- How to complete this task -
Where a picture appears in the data below, exclude it; restate everything else word for word.

- Raw data -
== Segment start ==

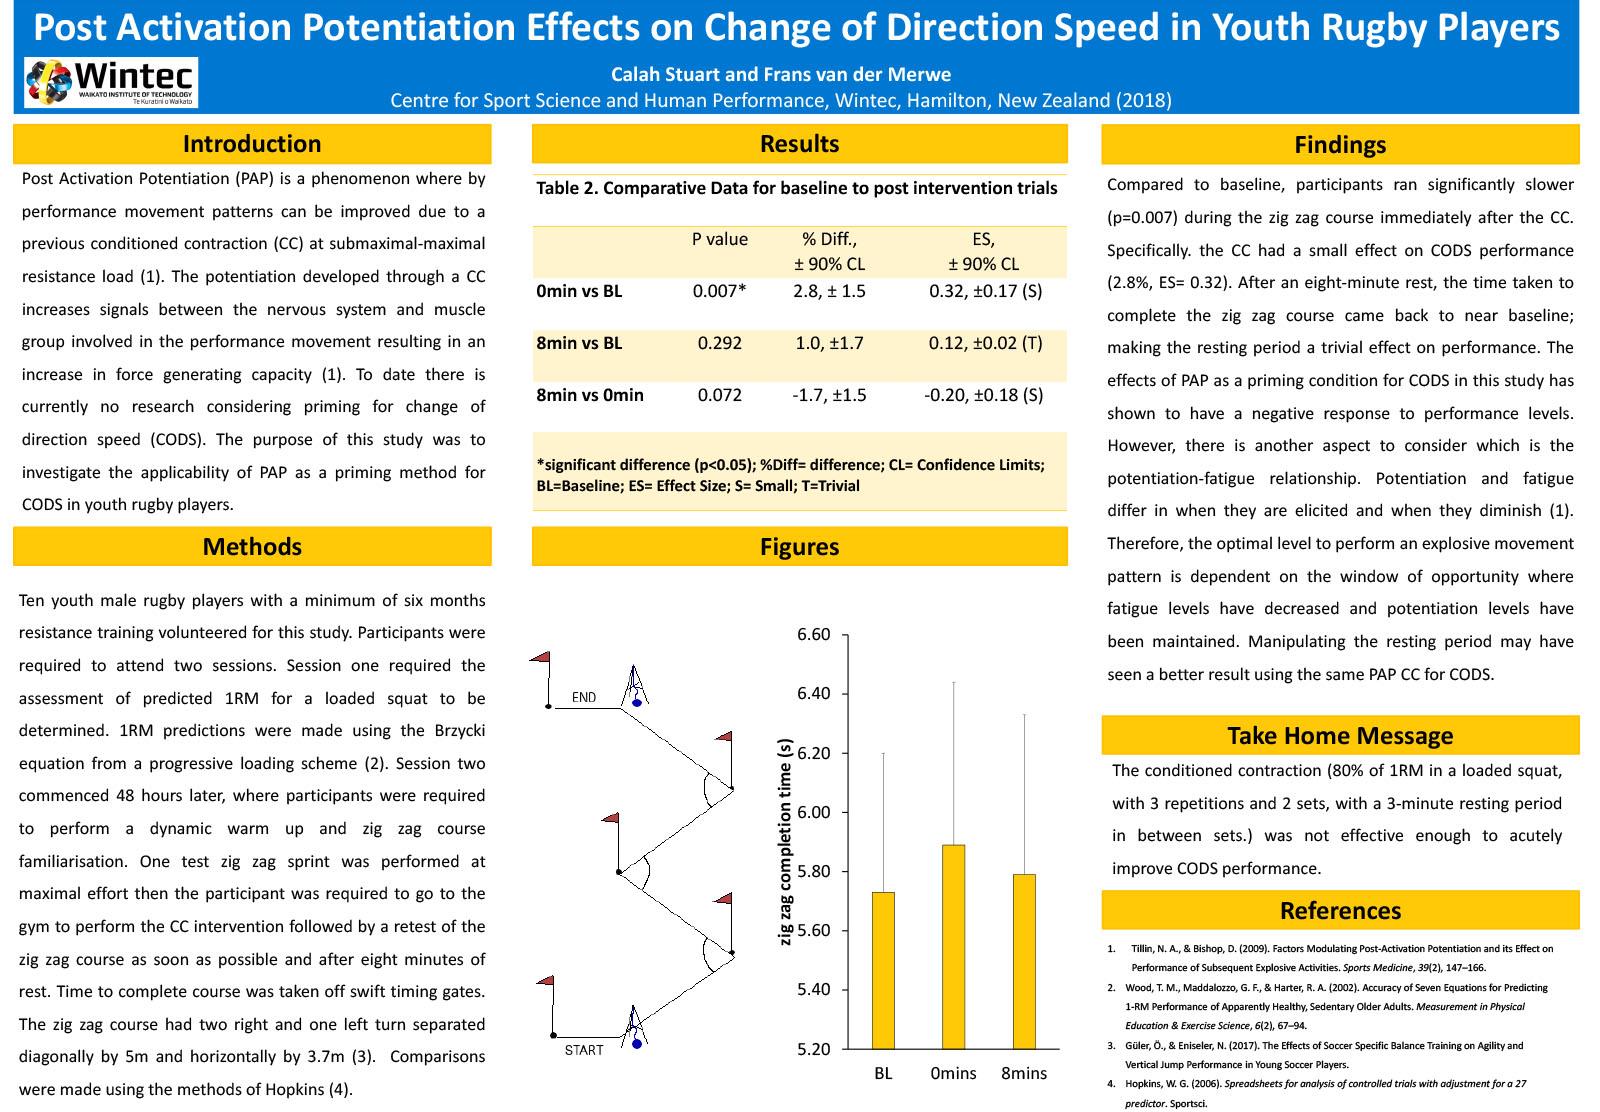 Post Activation Potentiation Effects on Change of Direction Speed in Youth Rugby Players
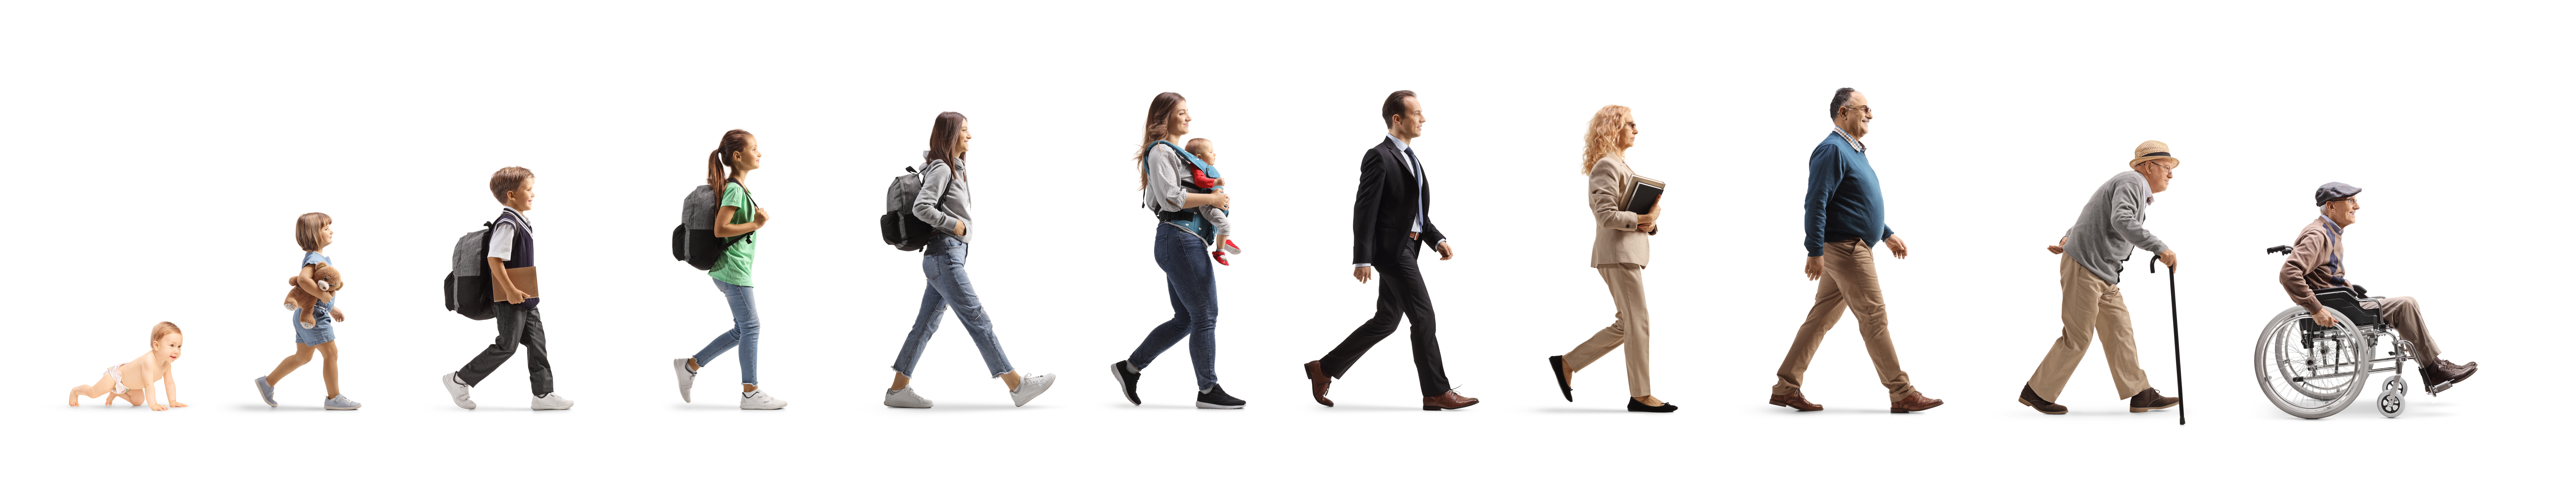 Older workers Full length profile shot of a group of people walking, from a baby crawling to a senior, isolated on white background
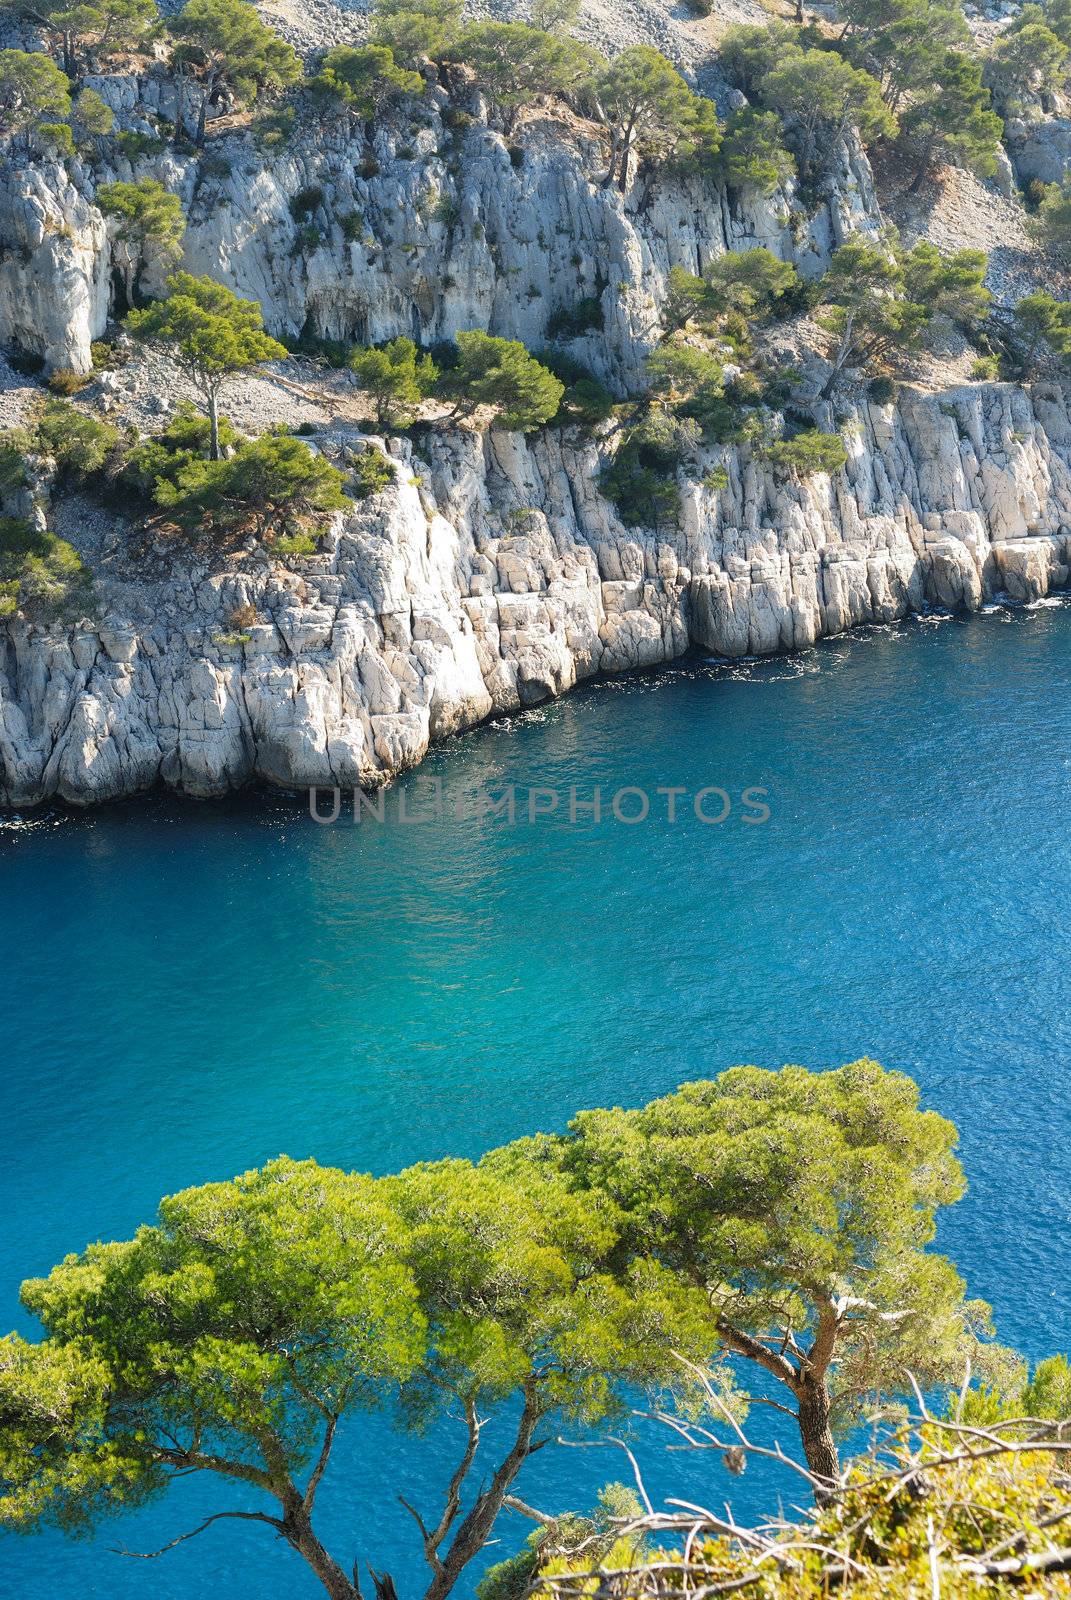 Calanques of Cassis, France by ventdusud
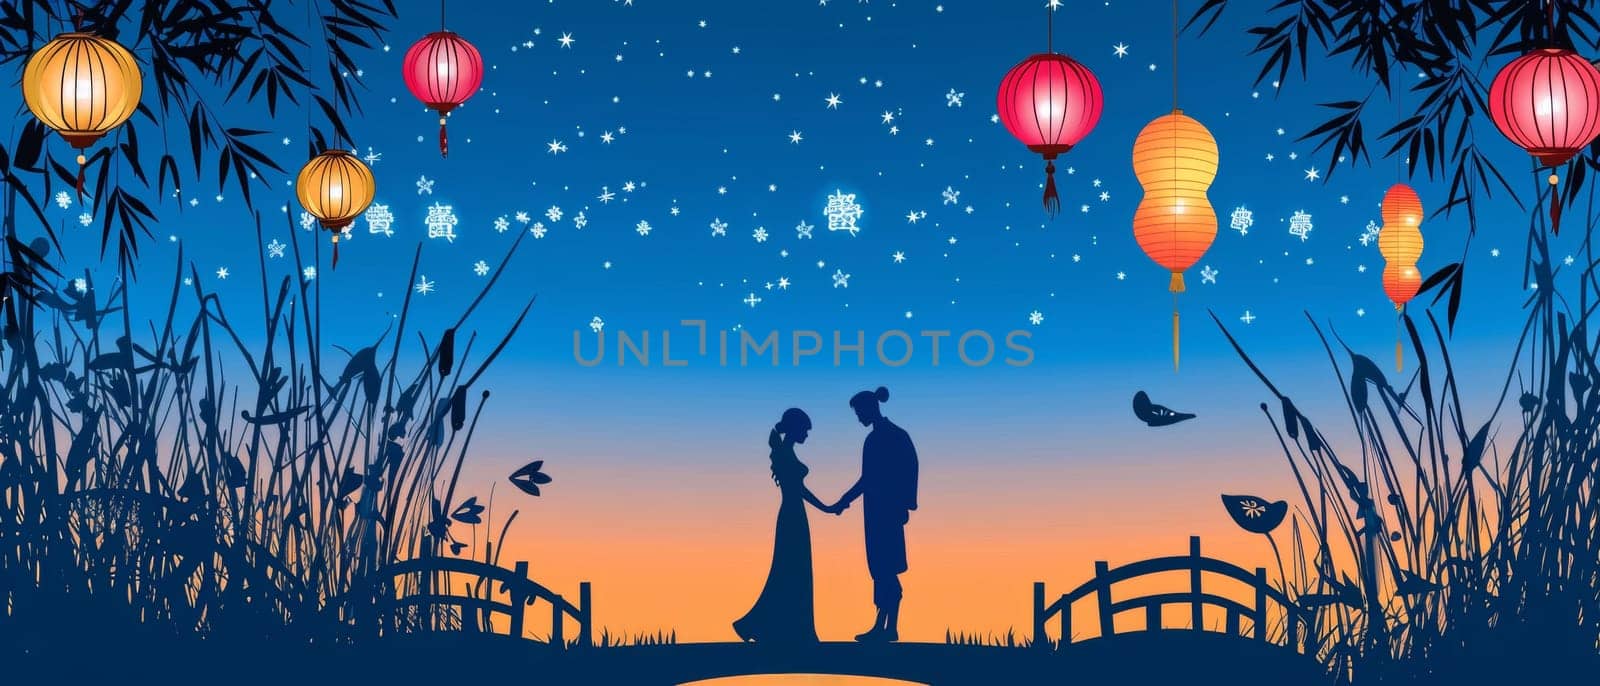 A serene Tanabata scene with silhouetted figures beneath a sky of stars and floating paper lanterns. by sfinks

== Segment end ==

- Completed task -
 Post Activation Potentiation Effects on Change of Direction Speed in Youth Rugby Players
 Older workers Full length profile shot of a group of people walking, from a baby crawling to a senior, isolated on white background
 Calanques of Cassis, France by ventdusud
 A serene Tanabata scene with silhouetted figures beneath a sky of stars and floating paper lanterns. by sfinks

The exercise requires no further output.